Crowdsourced document analysis and MP expenses
20th December 2009
As you may have heard, the UK government released a fresh batch of MP expenses documents a week ago on Thursday. I spent that week working with a small team at Guardian HQ to prepare for the release. Here’s what we built:
http://mps-expenses2.guardian.co.uk/ Updated March 2021: all links now go to the Internet Archive
It’s a crowdsourcing application that asks the public to help us dig through and categorise the enormous stack of documents—around 30,000 pages of claim forms, scanned receipts and hand-written letters, all scanned and published as PDFs.
This is the second time we’ve tried this—the first was back in June, and can be seen at mps-expenses.guardian.co.uk. Last week’s attempt was an opportunity to apply the lessons we learnt the first time round.
Writing crowdsourcing applications in a newspaper environment is a fascinating challenge. Projects have very little notice—I heard about the new document release the Thursday before giving less than a week to put everything together. In addition to the fast turnaround for the application itself, the 48 hours following the release are crucial. The news cycle moves fast, so if the application launches but we don’t manage to get useful data out of it quickly the story will move on before we can impact it.

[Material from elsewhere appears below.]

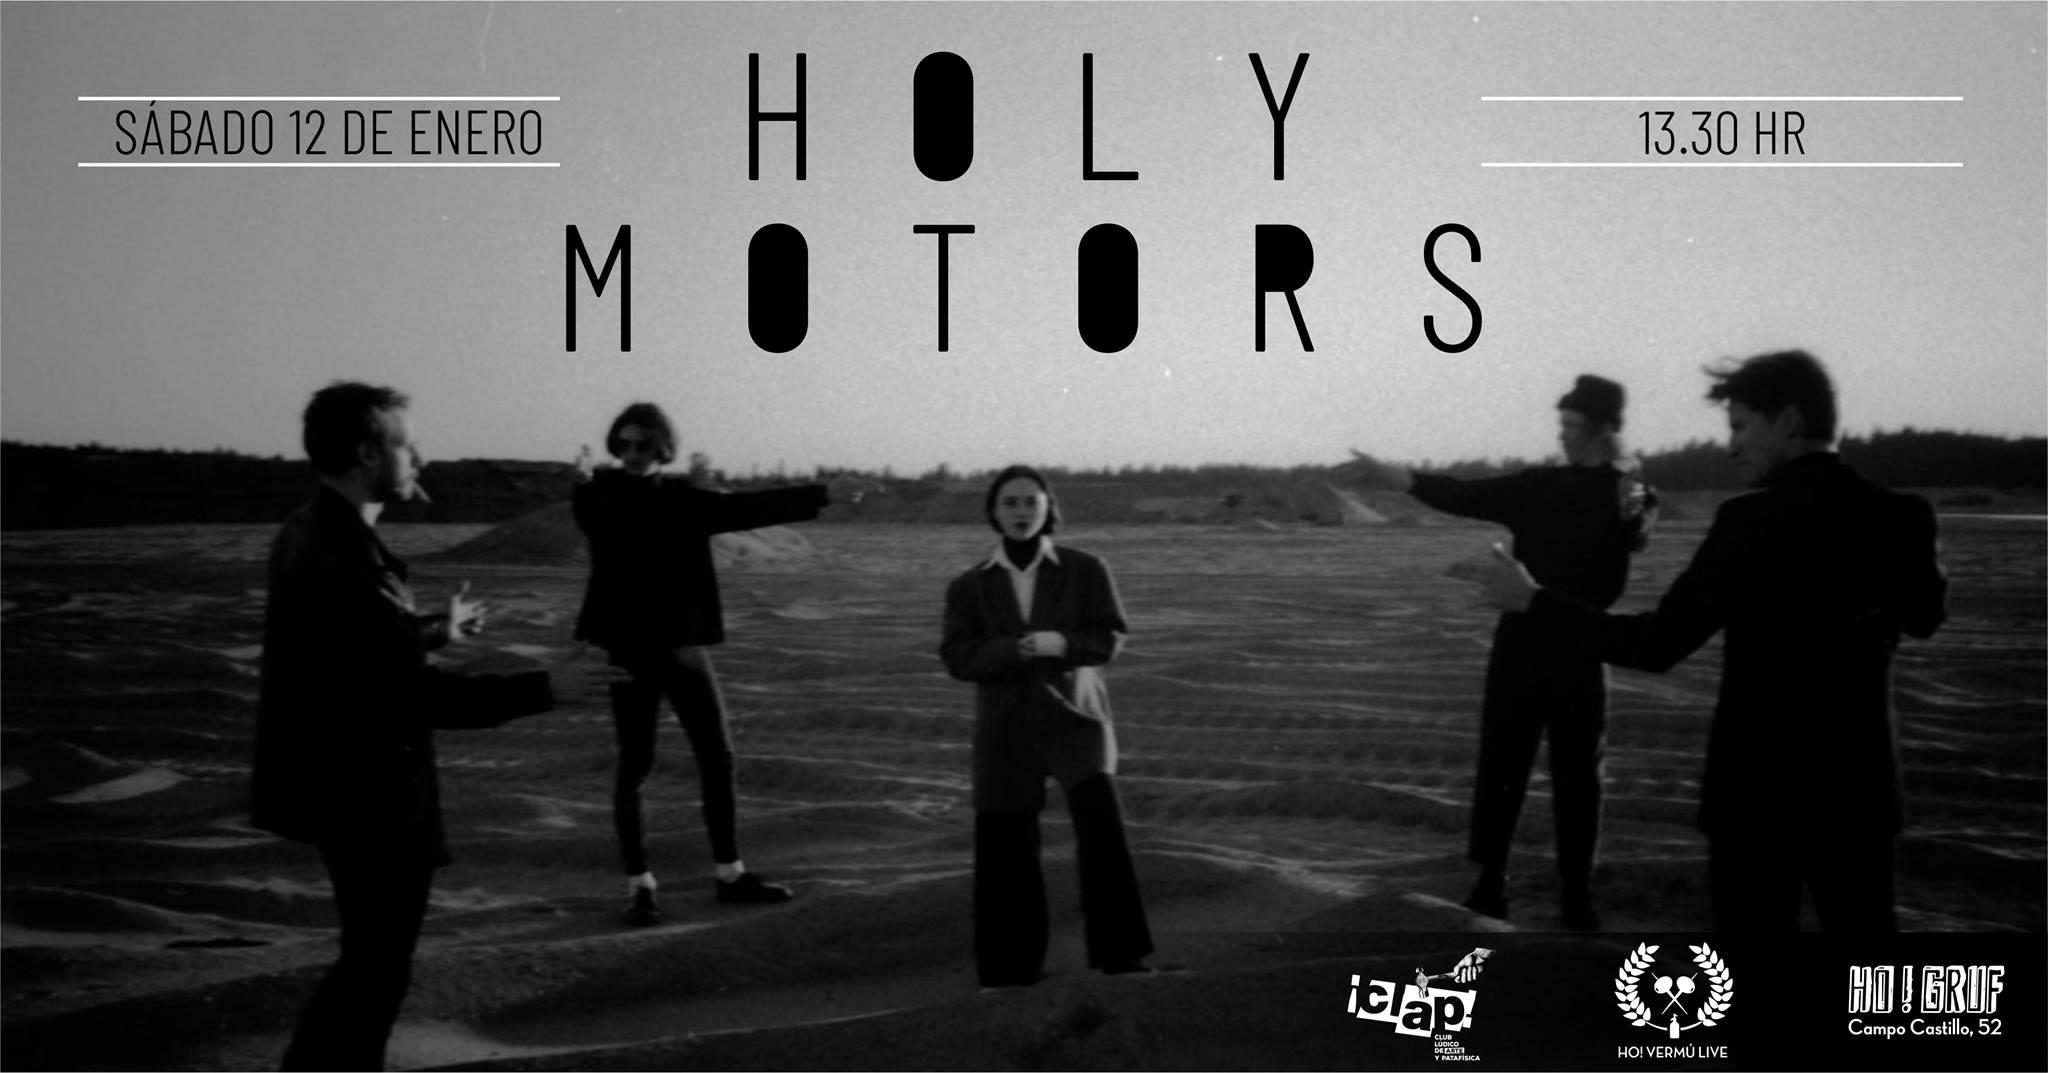 Concierto de Holy Motors en el Ho! Gruf

ScaleCamp on the Friday meant that development work didn’t properly kick off until Monday morning. The bulk of the work was performed by two server-side developers, one client-side developer, one designer and one QA on Monday, Tuesday and Wednesday. The Guardian operations team deftly handled our EC2 configuration and deployment, and we had some extra help on the day from other members of the technology department. After launch we also had a number of journalists helping highlight discoveries and dig through submissions.
The system was written using Django, MySQL (InnoDB), Redis and memcached.
Asking the right question
The biggest mistake we made the first time round was that we asked the wrong question. We tried to get our audience to categorise documents as either “claims” or “receipts” and to rank them as “not interesting”, “a bit interesting”, “interesting but already known” and “someone should investigate this”. We also asked users to optionally enter any numbers they saw on the page as categorised “line items”, with the intention of adding these up later.

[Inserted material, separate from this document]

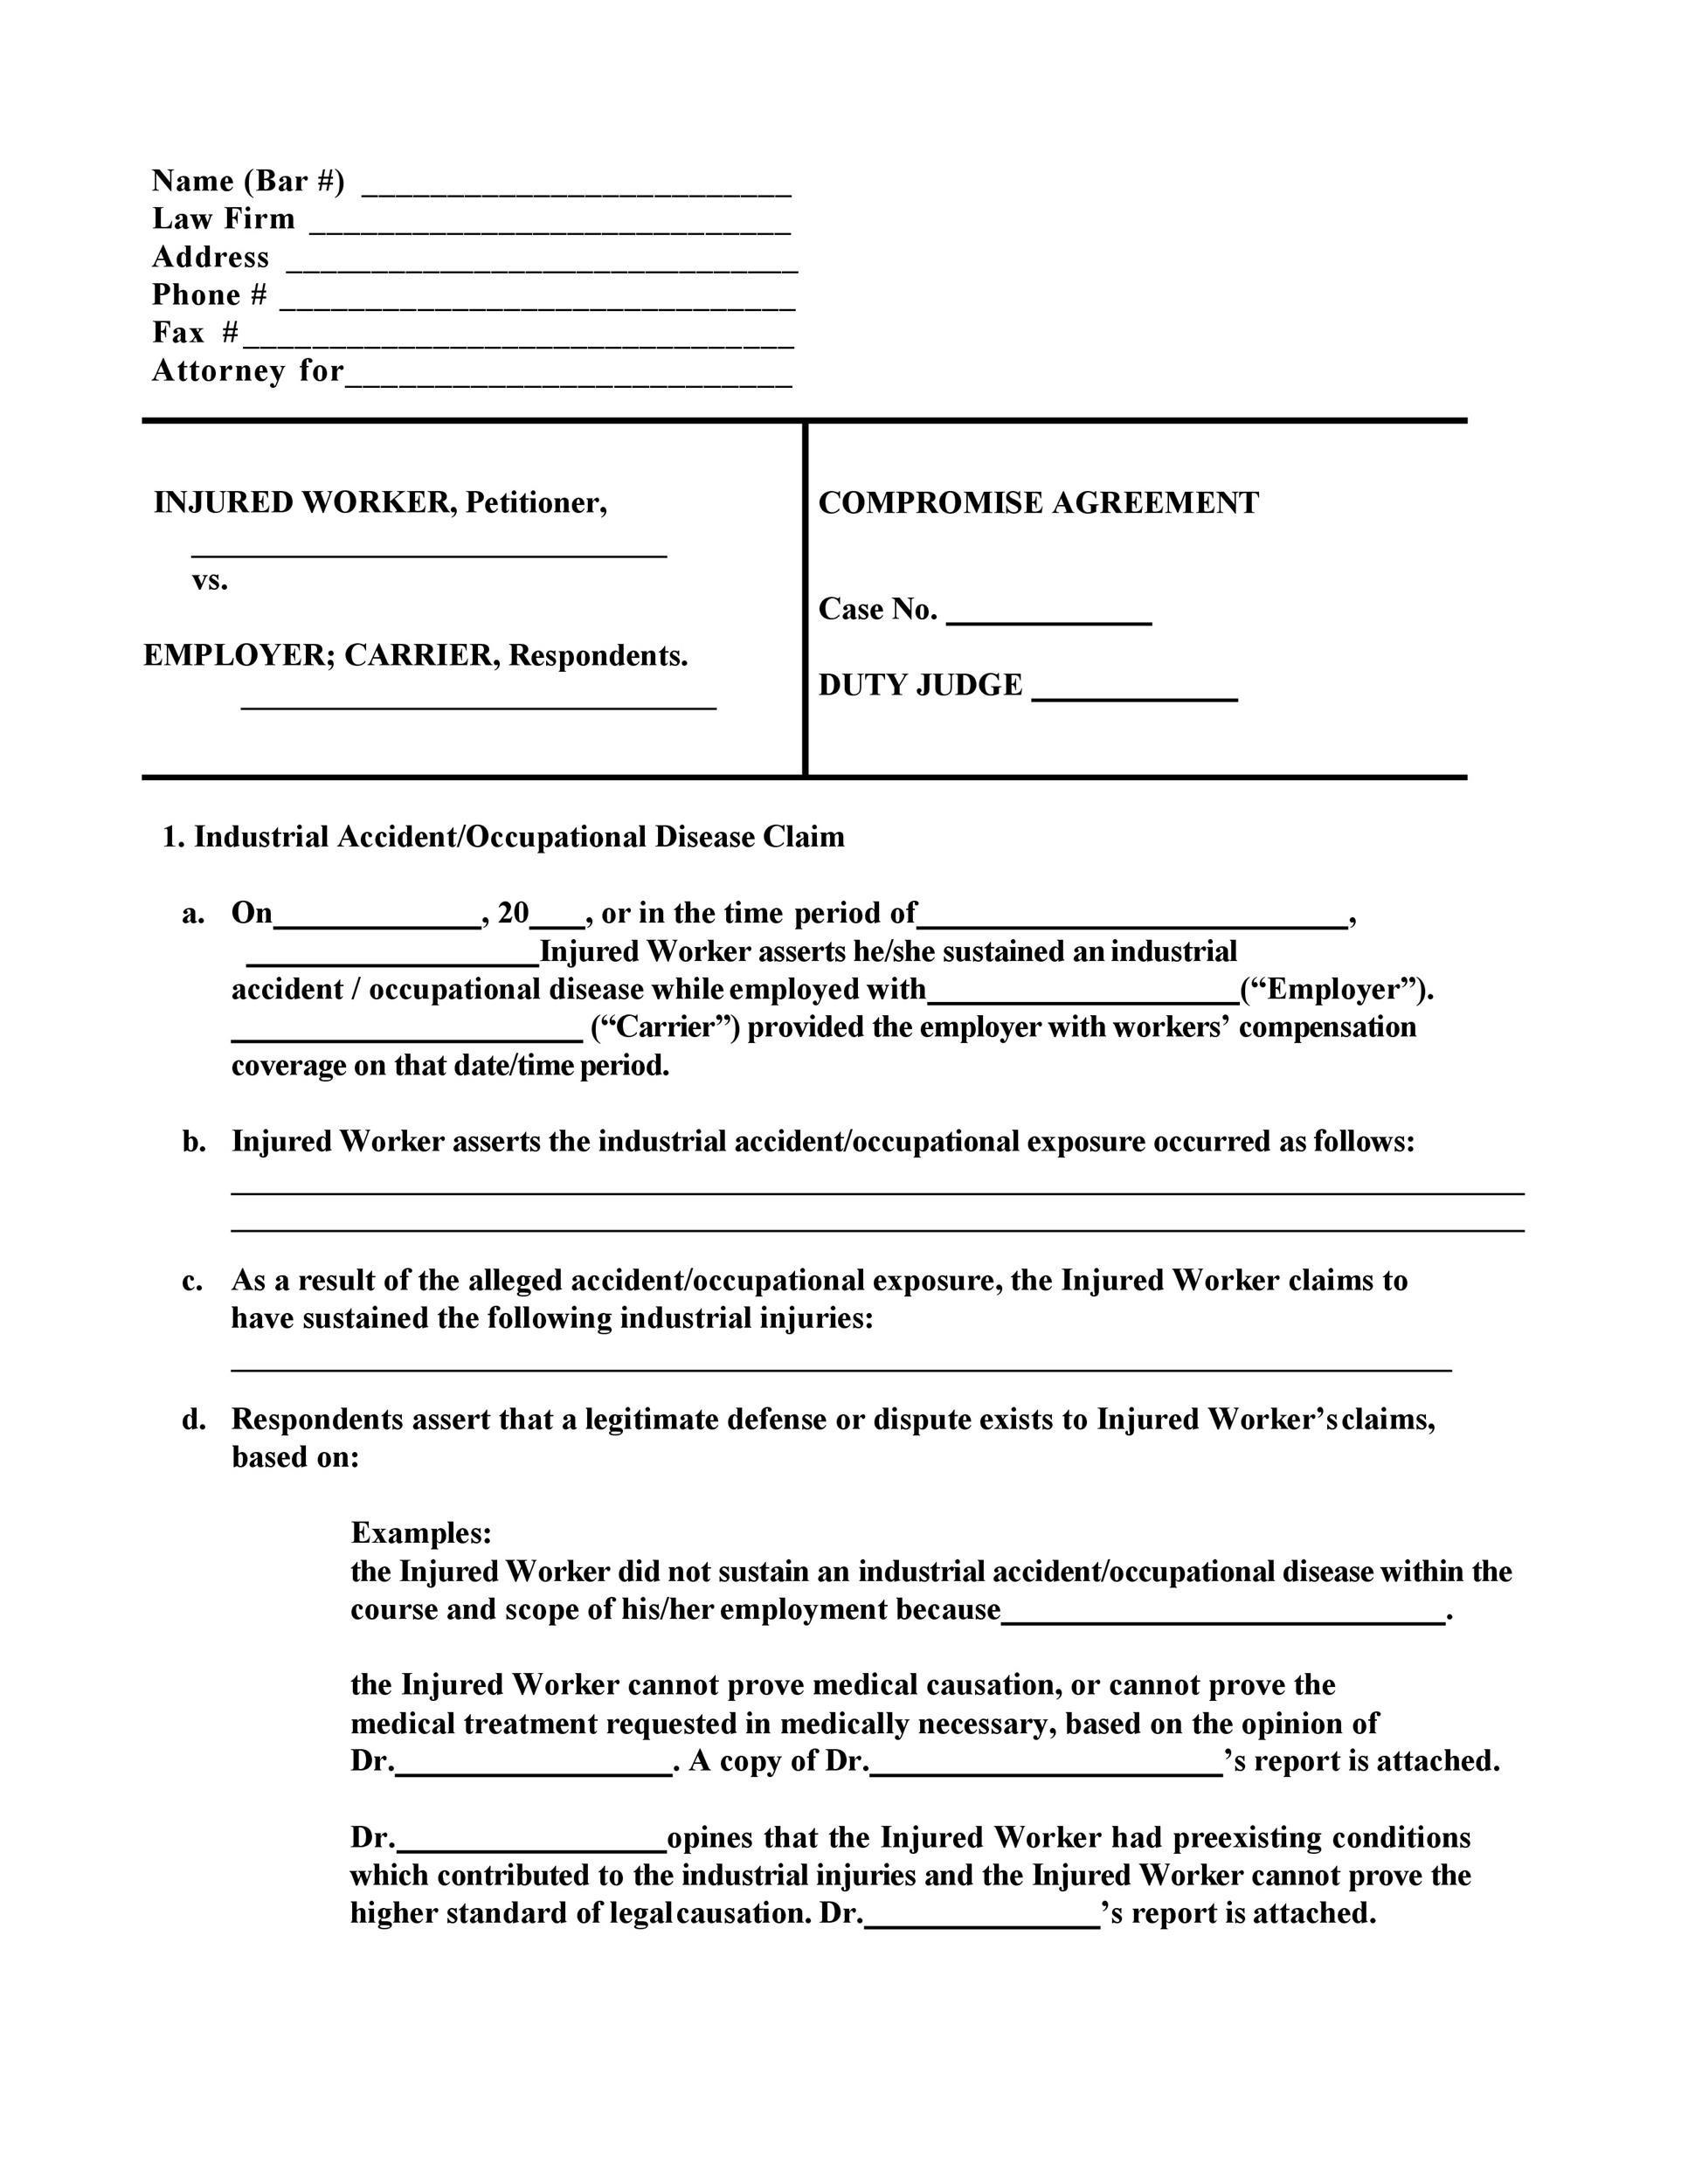 Free settlement agreement 40

The line items, with hindsight, were a mistake. 400,000 documents makes for a huge amount of data entry and for the figures to be useful we would need to confirm their accuracy. This would mean yet more rounds of crowdsourcing, and the job was so large that the chance of getting even one person to enter line items for each page rapidly diminished as the news story grew less prominent.
The categorisations worked reasonably well but weren’t particularly interesting—knowing if a document is a claim or receipt is useful only if you’re going to collect line items. The “investigate this” button worked very well though.

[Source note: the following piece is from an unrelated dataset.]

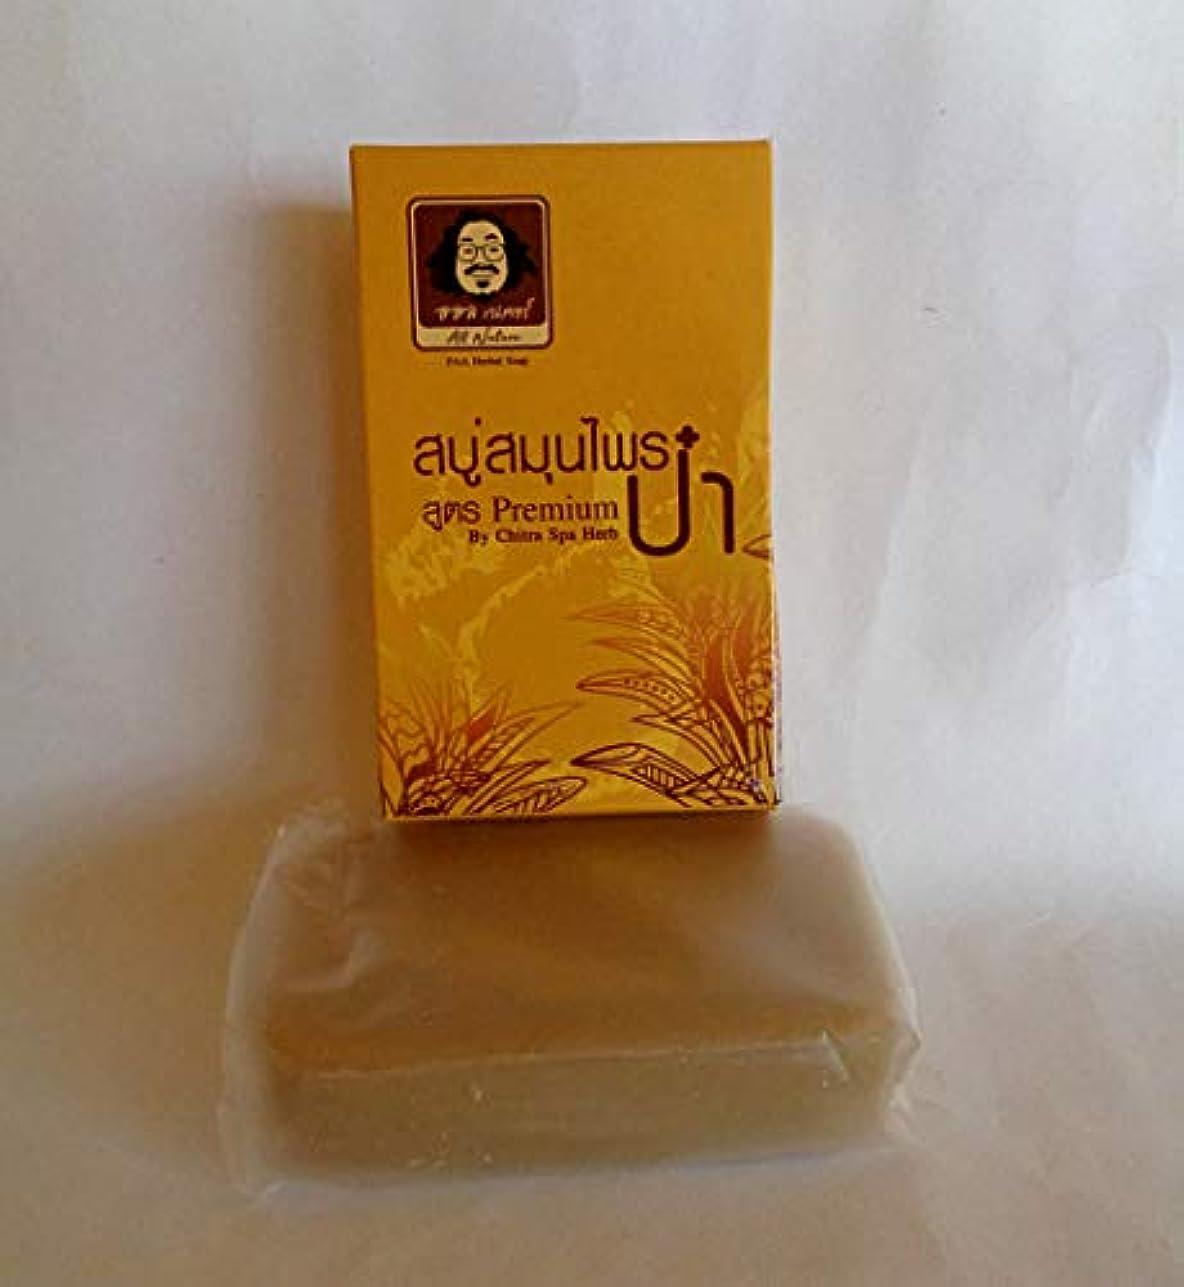 部族矛盾適合するPaa Herbal soap all nature chemical free Premium Fomula ハーバルソープオールケミカルフリープレミアムフォーミュラ 100 g.

We completely changed our approach for the new system. We dropped the line item task and instead asked our users to categories each page by applying one or more tags, from a small set that our editors could control. This gave us a lot more flexibility—we changed the tags shortly before launch based on the characteristics of the documents—and had the potential to be a lot more fun as well. I’m particularly fond of the “hand-written” tag, which has highlighted some lovely examples of correspondence between MPs and the expenses office.
Sticking to an editorially assigned set of tags provided a powerful tool for directing people’s investigations, and also ensured our users didn’t start creating potentially libelous tags of their own.
Breaking it up in to assignments
For the first project, everyone worked together on the same task to review all of the documents. This worked fine while the document set was small, but once we had loaded in 400,000+ pages the progress bar become quite depressing.
This time round, we added a new concept of "assignments". Each assignment consisted of the set of pages belonging to a specified list of MPs, documents or political parties. Assignments had a threshold, so we could specify that a page must be reviewed by at least X people before it was considered reviewed. An editorial tool let us feature one "main" assignment and several alternative assignments right on the homepage.
Clicking “start reviewing” on an assignment sets a cookie for that assignment, and adds the assignment’s progress bar to the top of the review interface. New pages are selected at random from the set of unreviewed pages in that assignment.
The assignments system proved extremely effective. We could use it to direct people to the highest value documents (our top hit list of interesting MPs, or members of the shadow cabinet) while still allowing people with specific interests to pick an alternative task.
Get the button right!
Having run two crowdsourcing projects I can tell you this: the single most important piece of code you will write is the code that gives someone something new to review. Both of our projects had big “start reviewing” buttons. Both were broken in different ways.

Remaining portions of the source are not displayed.